Date of this Version
Journal of Bacteriology, Jan. 2001, p. 287–291 Vol. 183, No. 1
Few antibiotics targeting members of the archaeal domain are currently available for genetic studies. Since
bacterial antibiotics are frequently directed against competing and related organisms, archaea by analogy
might produce effective antiarchaeal antibiotics. Peptide antibiotic (halocin) preparations from euryarchaeal
halophilic strains S8a, GN101, and TuA4 were found to be toxic for members of the hyperthermophilic
crenarchaeal genus Sulfolobus. No toxicity was evident against representative bacteria or eukarya. Halocin S8
(strain S8a) and halocin R1 (strain GN101) preparations were cytostatic, while halocin A4 (strain TuA4)
preparations were cytocidal. Subsequent studies focused on the use of halocin A4 preparations and Sulfolobus
solfataricus. Strain TuA4 cell lysates were not toxic for S. solfataricus, and protease (but not nuclease) treatment
of the halocin A4 preparation inactivated toxicity, indicating that the A4 toxic factor must be a secreted protein.

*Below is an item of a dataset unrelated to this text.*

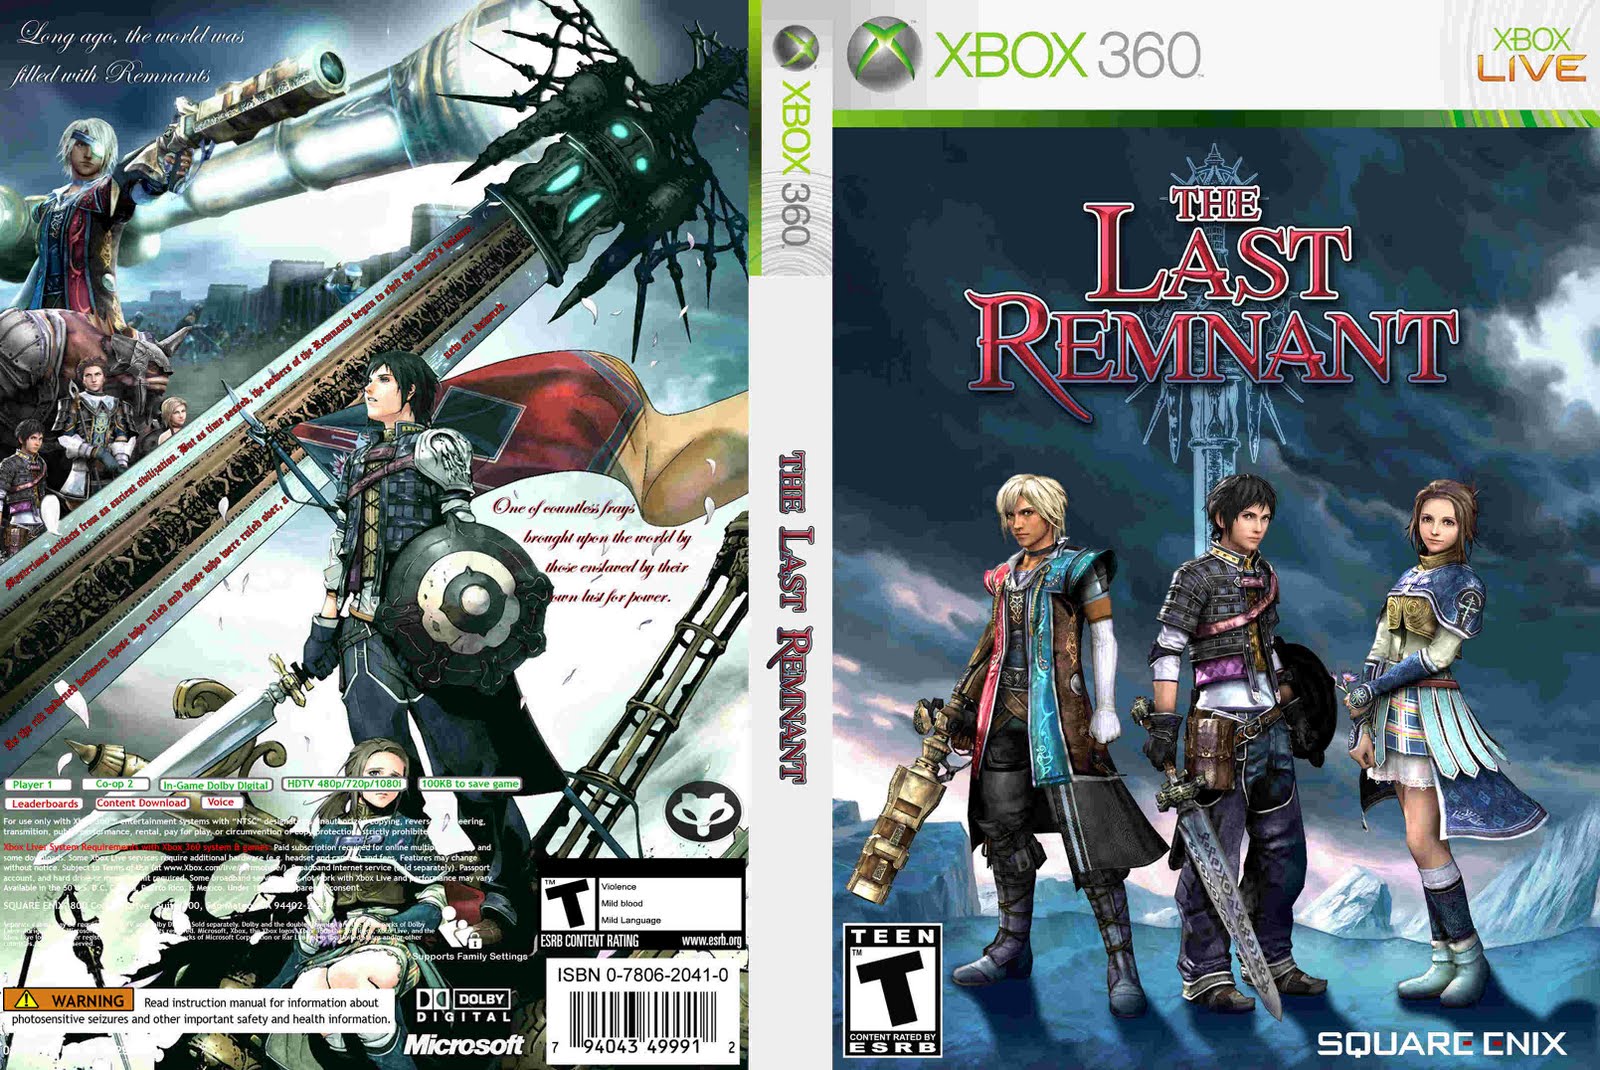 The last remnant steam фото 99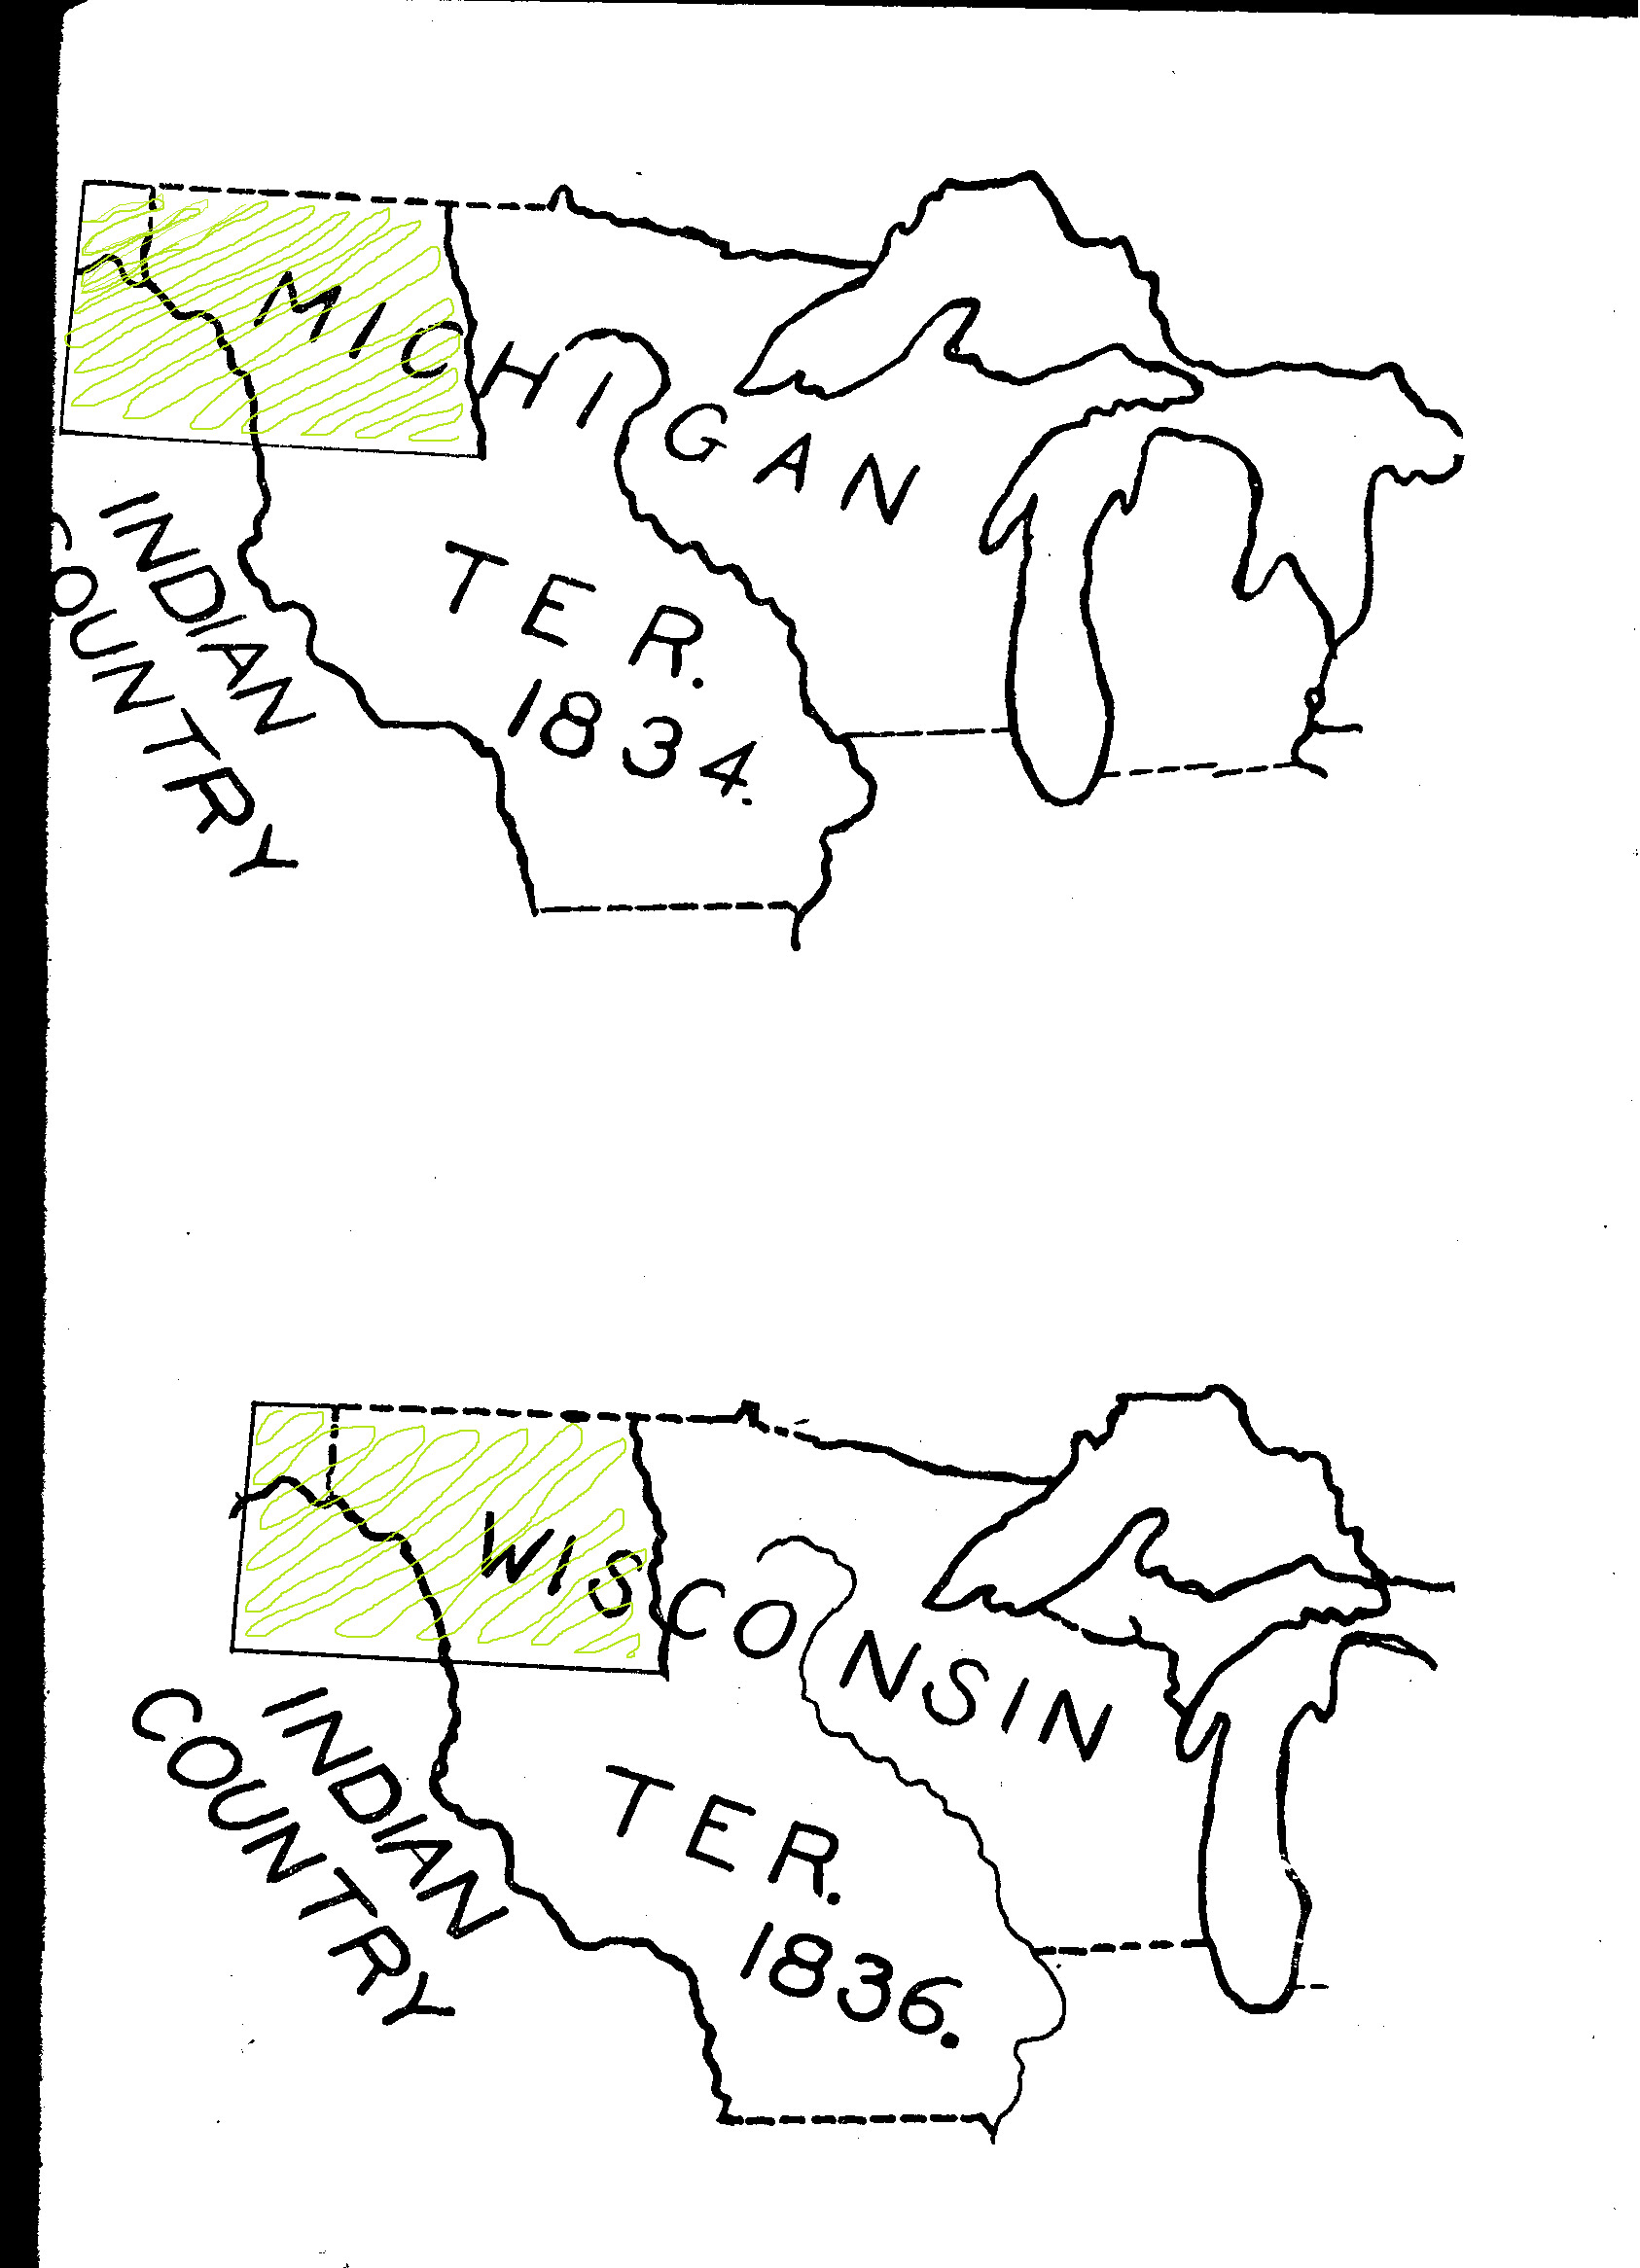 These two maps show how quickly territories took shape. As Michigan prepared to become a state (1837), the territory’s western portion was re-assigned to Wisconsin.

Potassium chloride supplementation of the Sulfolobus assay medium potentiated toxicity, implicating use of a
salt-dependent mechanism. The utility of halocin A4 preparations for genetic manipulation of S. solfataricus
was assessed through the isolation of UV-induced resistant mutants. The mutants exhibited stable phenotypes
and were placed into distinct classes based on their levels of resistance.